══ Data extract
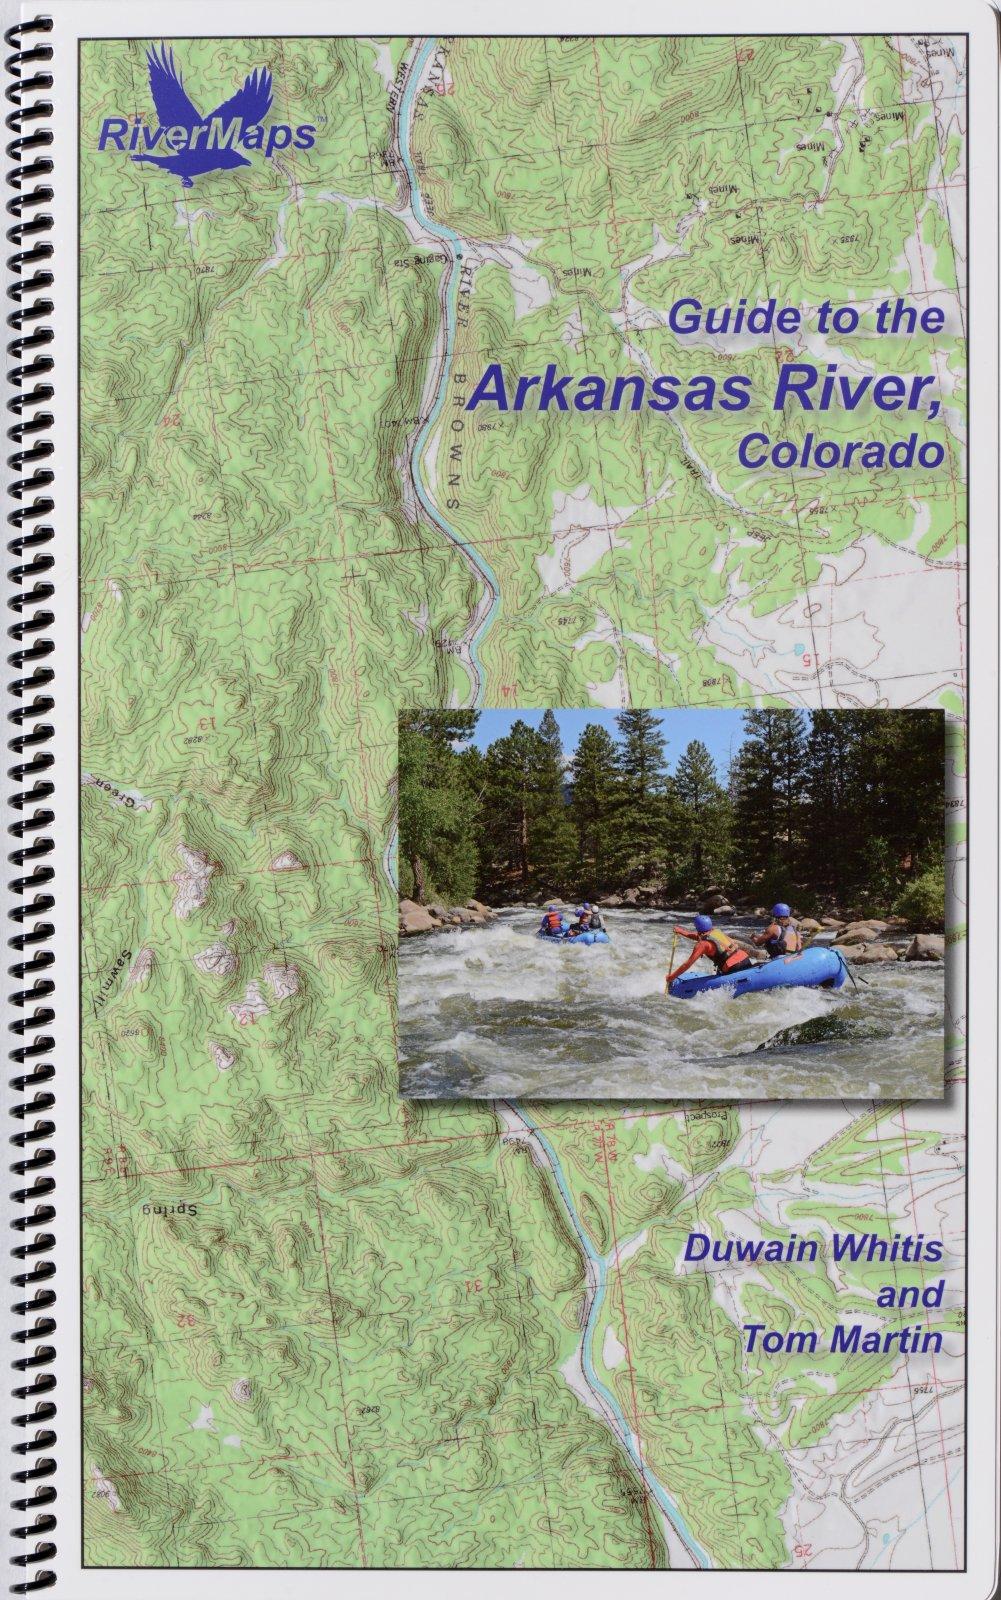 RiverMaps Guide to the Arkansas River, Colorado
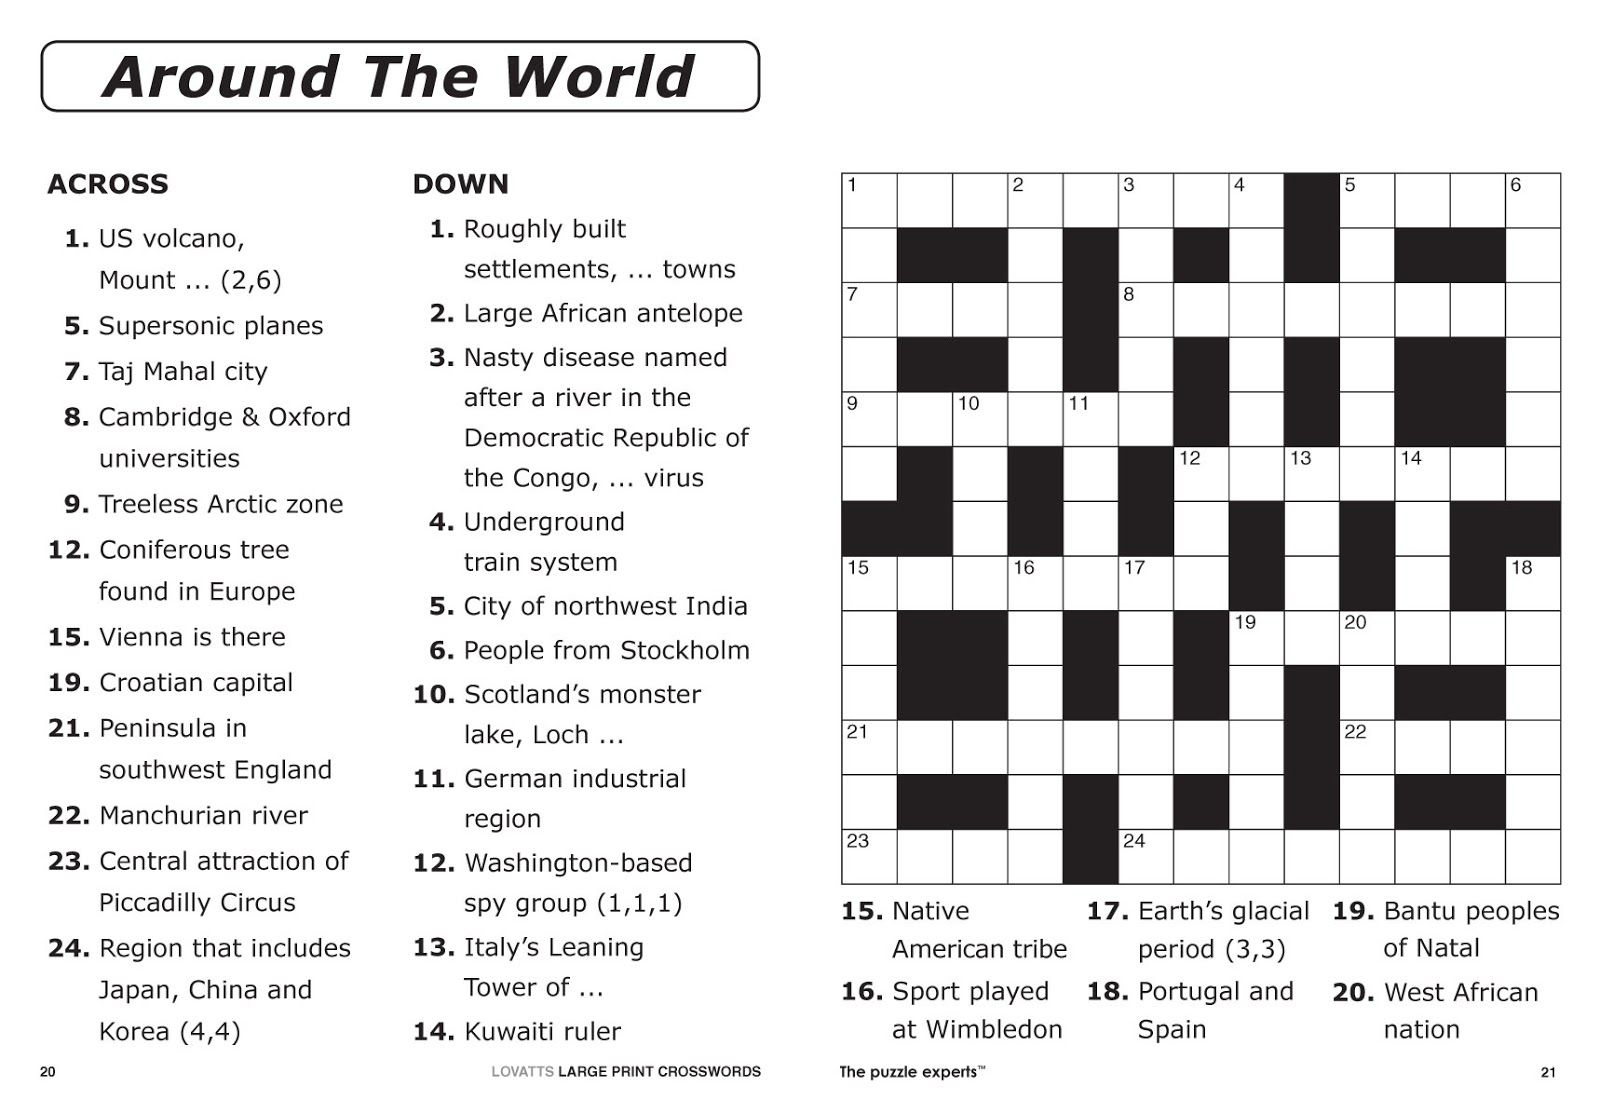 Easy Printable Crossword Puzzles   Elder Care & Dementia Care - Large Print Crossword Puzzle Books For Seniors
════
══ Data extract
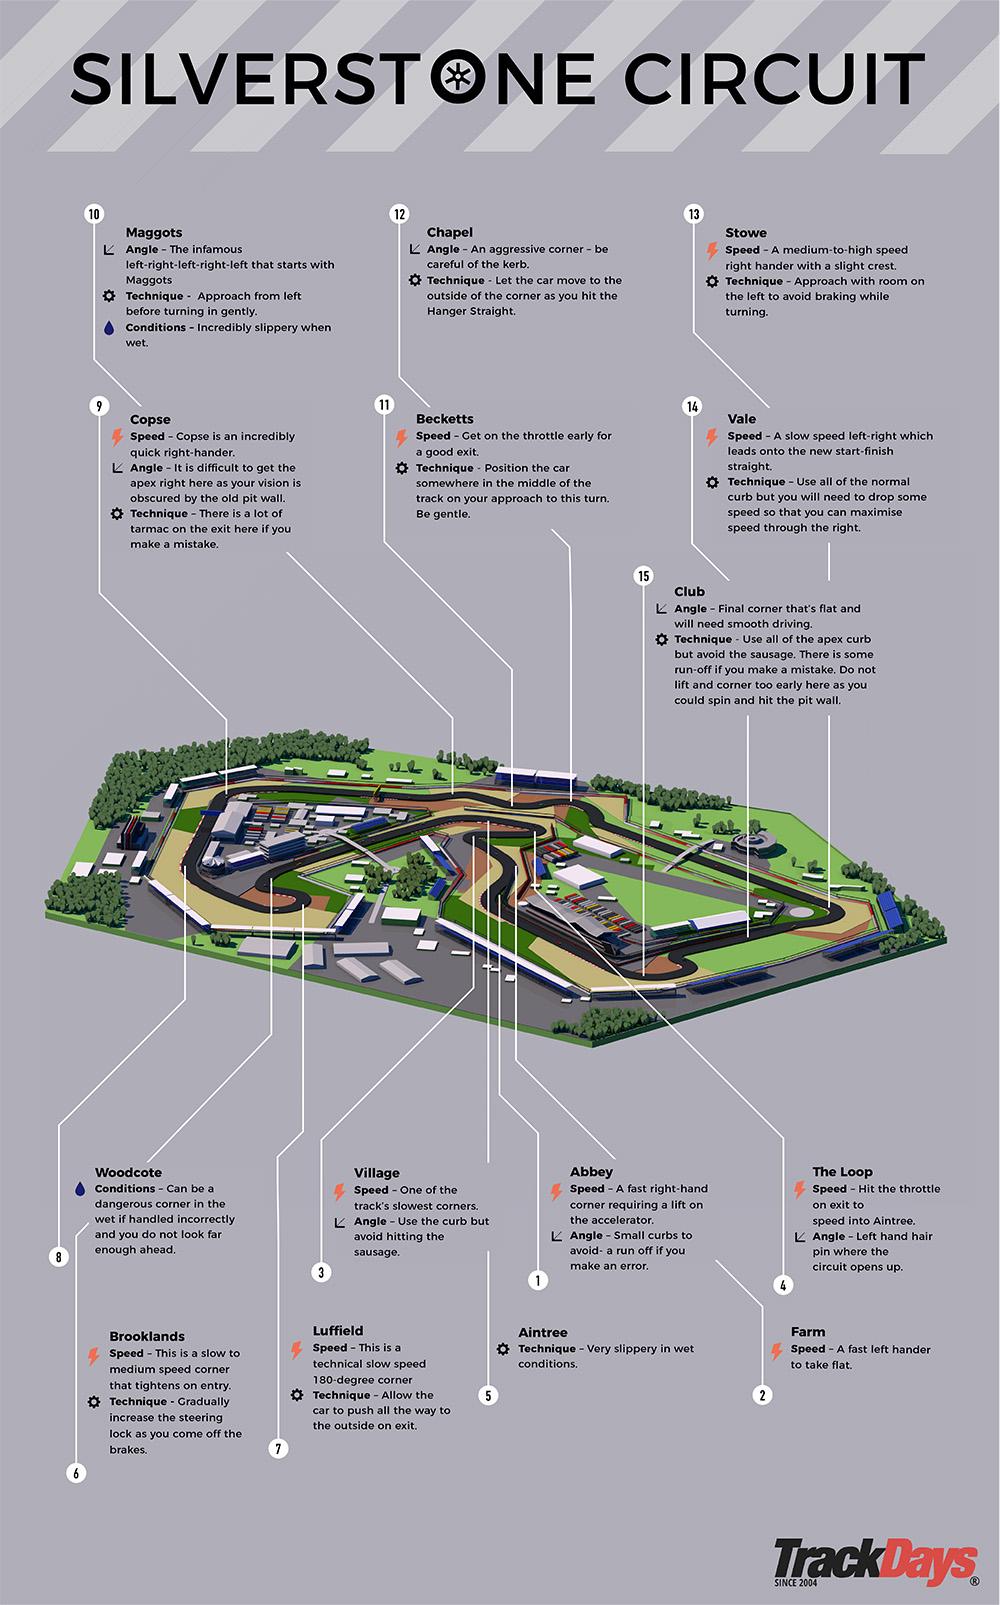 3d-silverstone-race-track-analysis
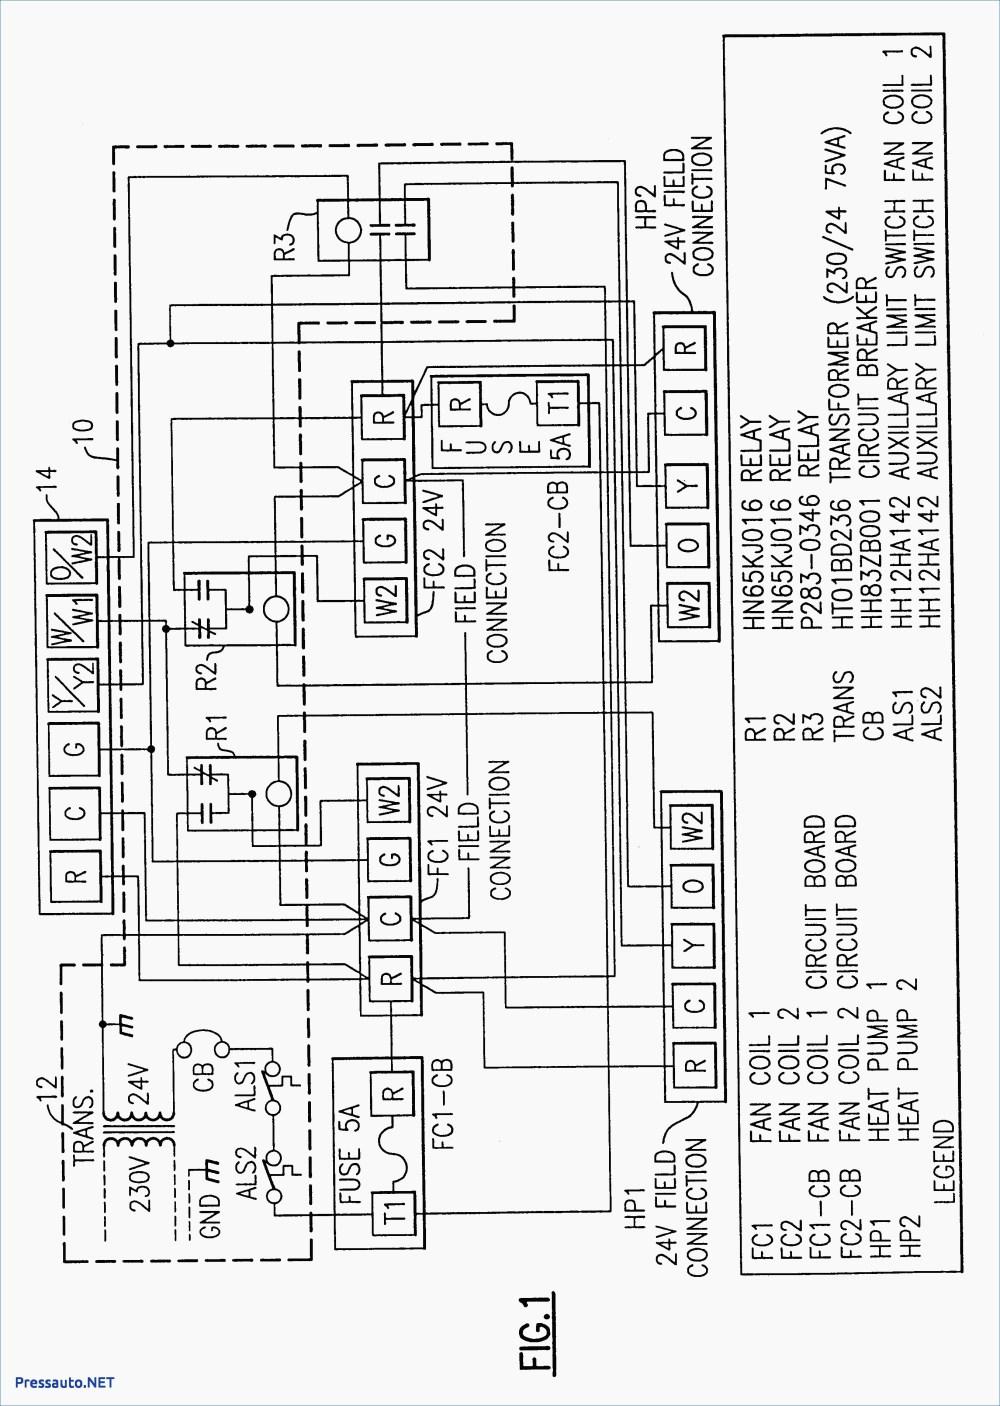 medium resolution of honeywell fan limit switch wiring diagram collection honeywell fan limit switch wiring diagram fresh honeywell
════
When you reach the line with "RiverMaps Guide to" in the records above, start writing out each line exactly, and stop after the line with "Easy Printable Crossword". Pictures stay out.

*Expected answer:*
 RiverMaps Guide to the Arkansas River, Colorado
 Easy Printable Crossword Puzzles   Elder Care & Dementia Care - Large Print Crossword Puzzle Books For Seniors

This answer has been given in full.